To put it another way, limitations on character capabilities exist to create opportunities for what Sid Meier called "interesting choices," which are the decision points that make something a game instead of a book or a TV show. When a player can bypass those limits on what a single character can do (by being able to swap easily among multiple characters), the limits that make choices interesting are lightened or even removed completely.

I know this will be tough for a lot of people to accept. And it's even harder to justify when there are so many examples of limits that are obviously arbitrary, that developers only imposed to slow down advancement or make some trivial challenge into a difficult one. (Limiting most gameplay to killing mobs and taking their stuff doesn't exactly help maximize the fun potential of a gameworld, either.)

But limits are still necessary, even if no developer gets all these decisions right throughout a game, because without limits there's no need to make interesting choices. So even if some limits seem annoying -- like a maximum number of objects you can have in your house or your bank vault -- they're there for a reason. Even if it's possible to bypass these limits by running a bunch of alts because that increases your fun now, that doesn't mean that doing so will make the game more fun for you over the long term.

And designers have to account for that... at least, they do if they want people to stay interested in playing their game. This is what I meant when I said that "sometimes what gamers want is not what they should get." For a world to be fun -- for it to be a game -- there have to be some limits to what we as players can have.

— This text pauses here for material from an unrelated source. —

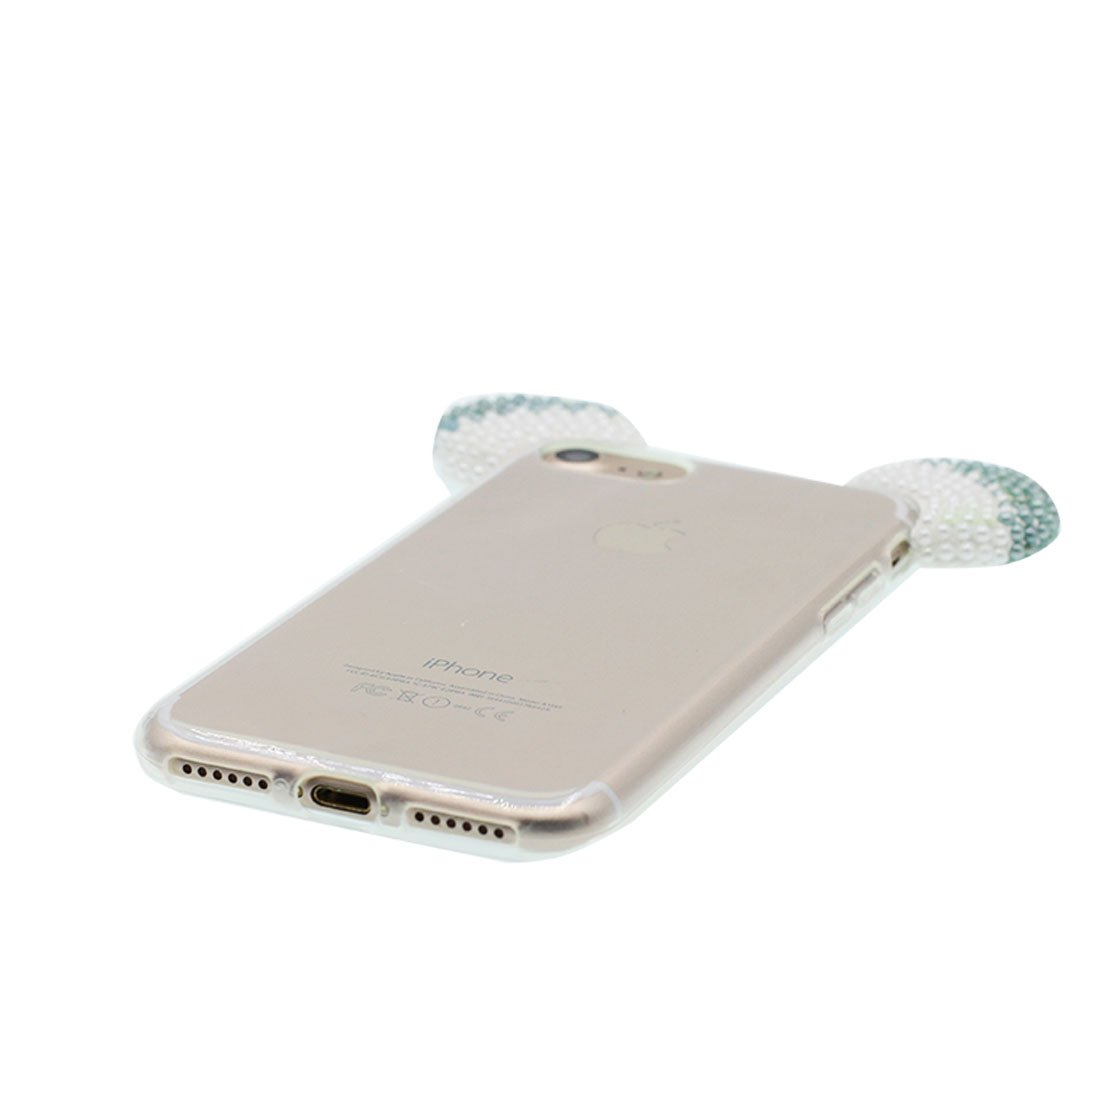 d0f62c98df5 iPhone 6 Plus/6s Plus funda 5.5 iPhone 6S Plus Carcasa Lujo Bling Glitter  Diamond funda de silicona ...

So, with respect to alts, if we're talking about a class-based character advancement design, having a couple of alts (who can't trade with each other or exist in the game world simultaneously) helps to increase long-term gameplay because it allows players to enjoy a reasonably large chunk of the available content, one character at a time. But more than a couple of alts (especially if they can interact) would usually not be a good design decision because players will use those alts to bypass the limits on what individual characters can do, cheapening the intended gameplay experience over the long run.

And the value of alts is even lower if we're talking about a skills-based game in which characters can drop one skill to learn another, since changing a character's abilities over time is a core component of the game.

In short, alts are a kind of MMORPG crack: they're fun now, but you pay later.

Players, IMO, should just say no. And game designers should help them do so by minimizing the number of alts and their allowable interactions.